Engineering

We Handled 2.1 Million Concurrent Calls on Black Friday — Here's What We Learned

By Sarah Chen April 10, 2026

At 9:47 AM Eastern on Black Friday 2025, our network dashboard hit a number we’d never seen in production: 1,000,000 concurrent calls. By 11:23 AM, it was 1.5 million. At 2:14 PM, we peaked at 2,143,891 simultaneous voice connections across 15 data centers.

No calls dropped. No quality degradation. Call quality held at 4.4 MOS throughout. Our on-call engineers watched the dashboards and — honestly — just watched. The auto-scaling handled everything.

This is the story of what happened, what almost went wrong, and what we learned.

The Weeks Before

Black Friday doesn’t surprise anyone. We started preparing in October.

Capacity planning: We analyzed our previous peak (1.2M concurrent on Cyber Monday 2024) and projected 1.8M for Black Friday 2025 based on customer growth curves and historical seasonality.

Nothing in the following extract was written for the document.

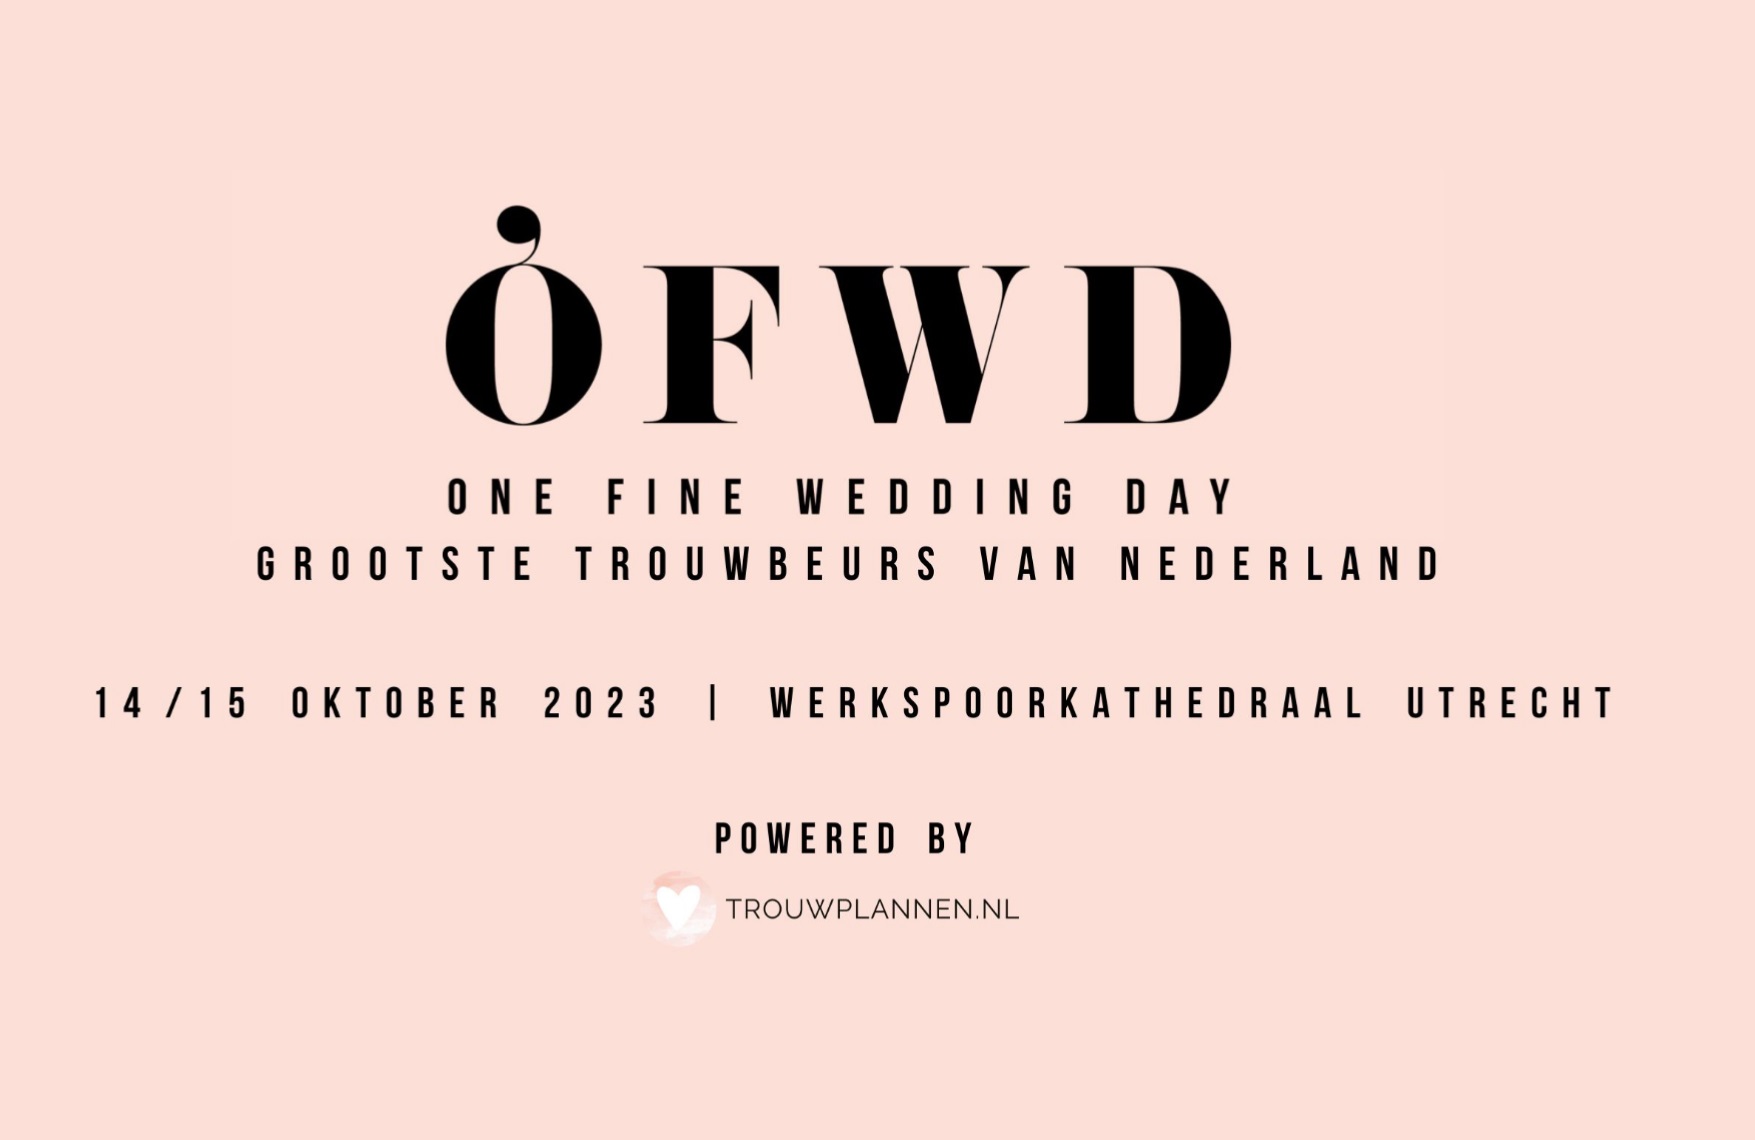 trouwbeurs One fine wedding day beurs

We provisioned for 2.5M — about 40% headroom above projection.

Pre-scaling: Starting Wednesday night, we pre-warmed additional compute instances across all 15 data centers. Kubernetes pods that normally scale dynamically were pre-deployed to avoid cold-start latency under load.

Runbook updates: We updated our incident response runbooks with Black Friday-specific playbooks. What to do if one DC drops. What to do if SIP proxy latency exceeds 50ms. What to do if auto-scaling falls behind. Every scenario had a documented response.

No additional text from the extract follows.